The problem: Images should be left out, and everything else in the listing reproduced exactly.
Stored data Block Start
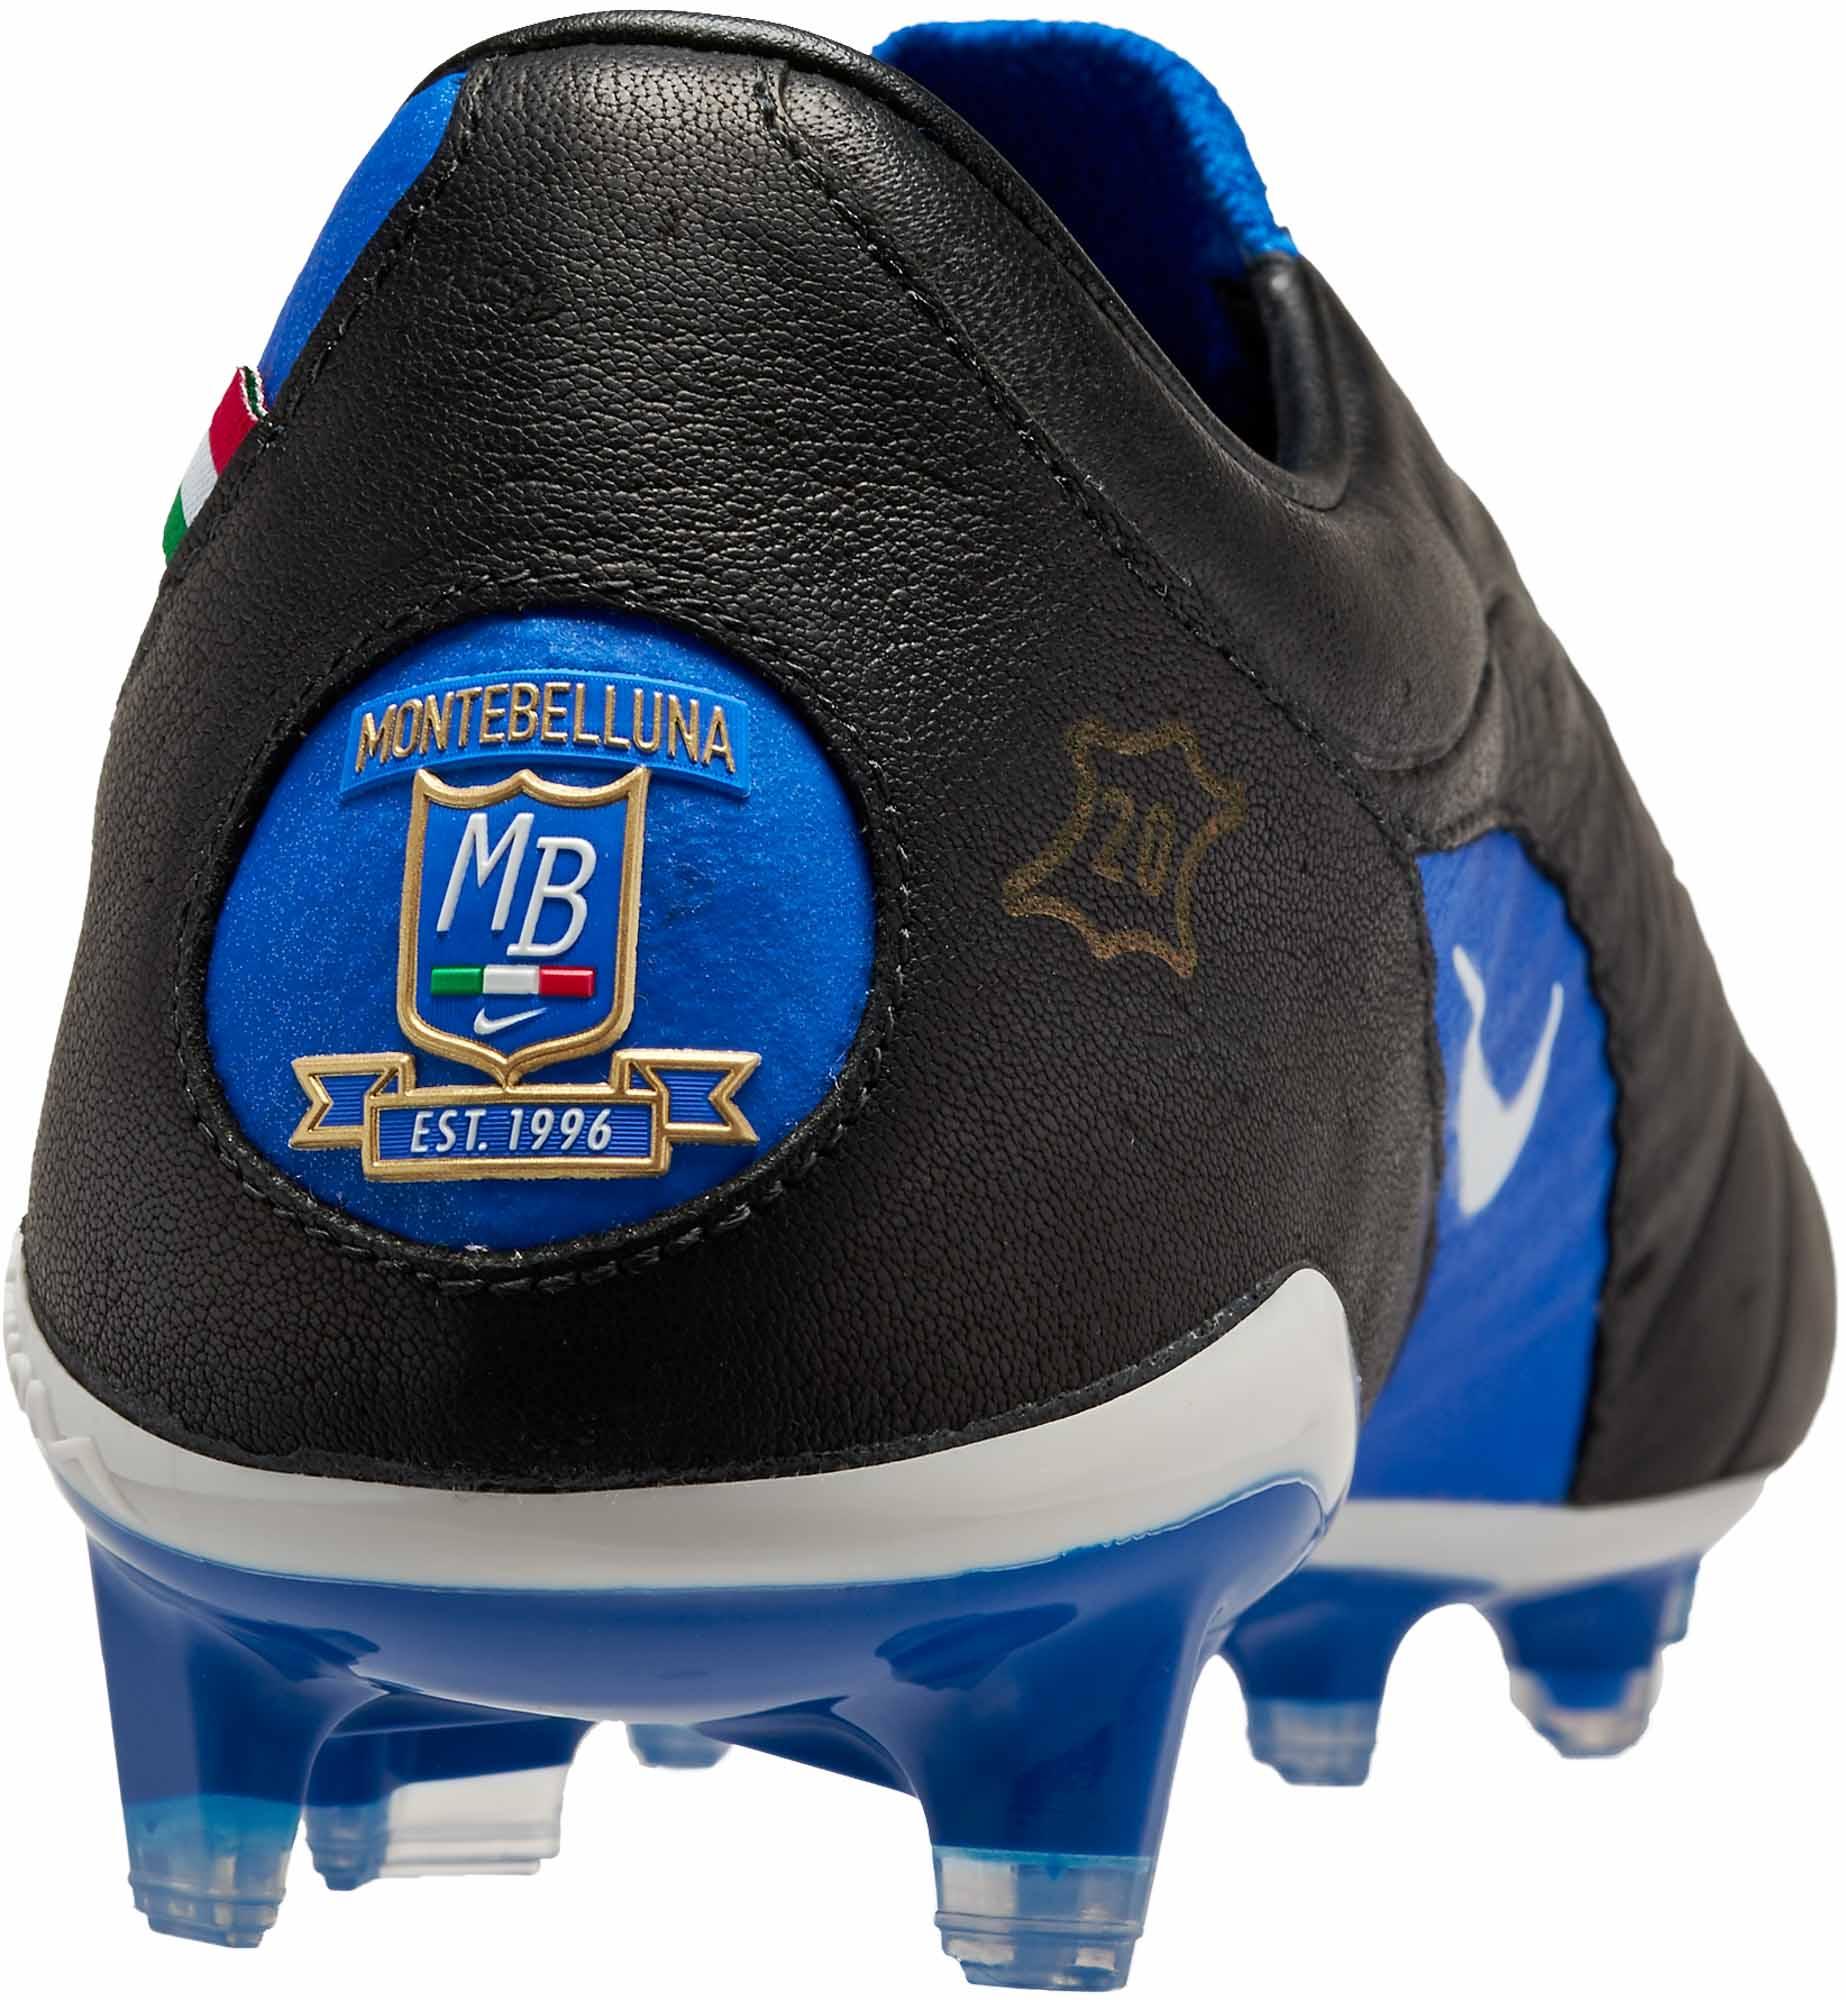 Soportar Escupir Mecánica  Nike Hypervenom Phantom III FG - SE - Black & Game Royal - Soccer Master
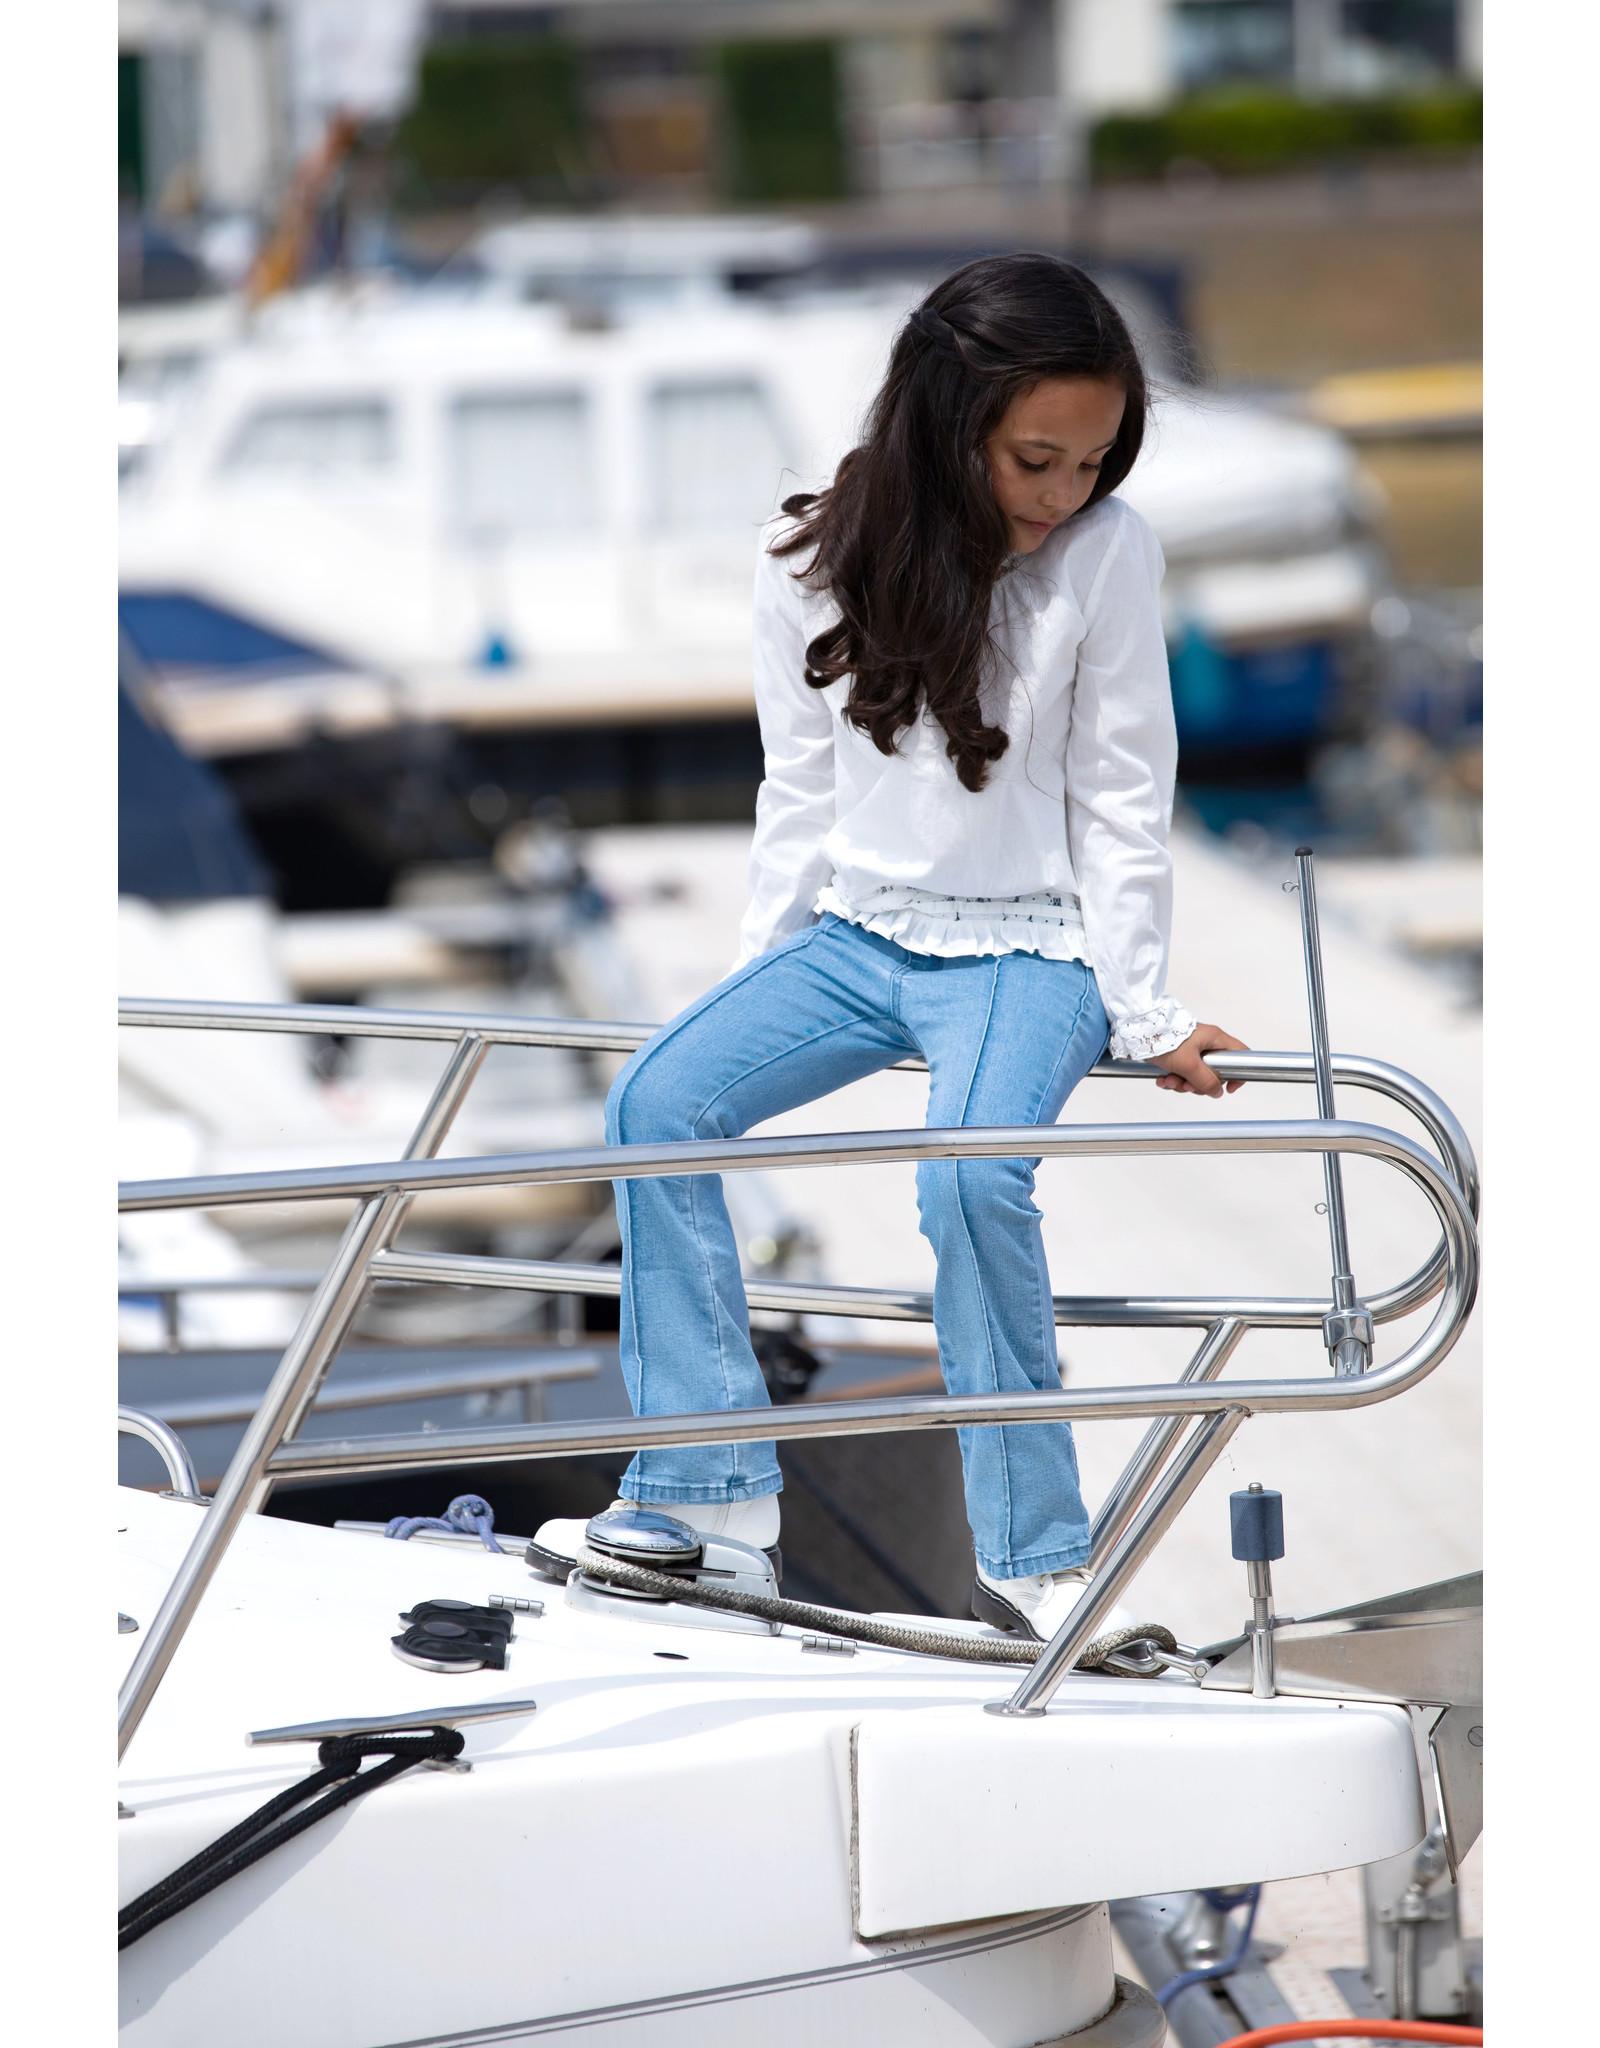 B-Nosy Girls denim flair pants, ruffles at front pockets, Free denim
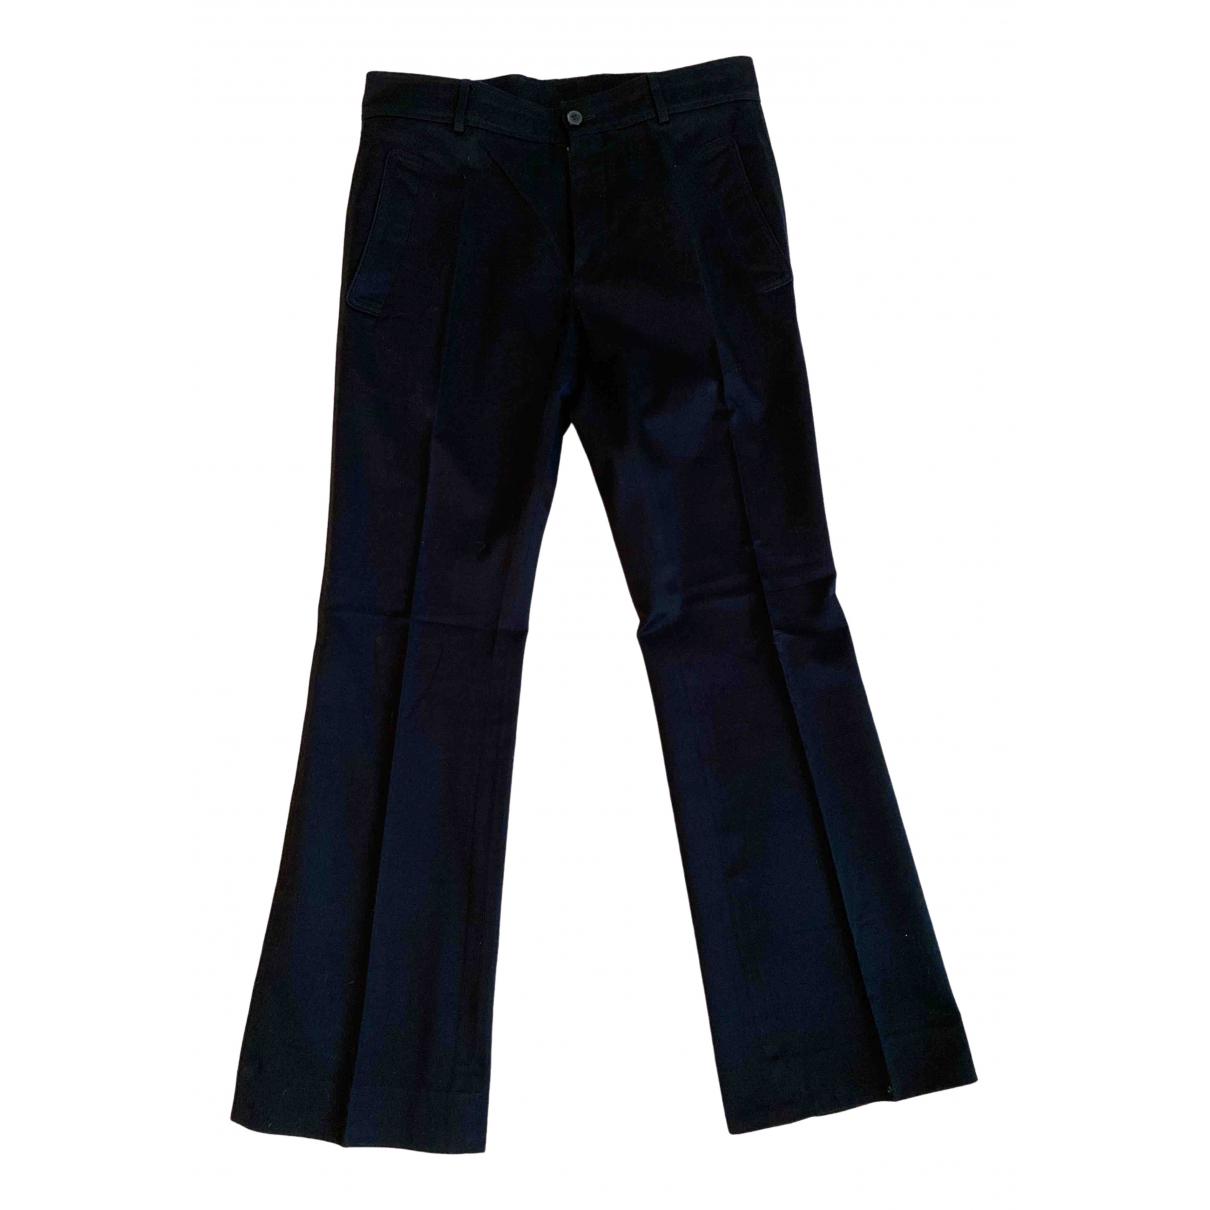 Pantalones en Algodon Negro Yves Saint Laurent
Stored data Block End
Exercise output:
 Soportar Escupir Mecánica  Nike Hypervenom Phantom III FG - SE - Black & Game Royal - Soccer Master
 B-Nosy Girls denim flair pants, ruffles at front pockets, Free denim
 Pantalones en Algodon Negro Yves Saint Laurent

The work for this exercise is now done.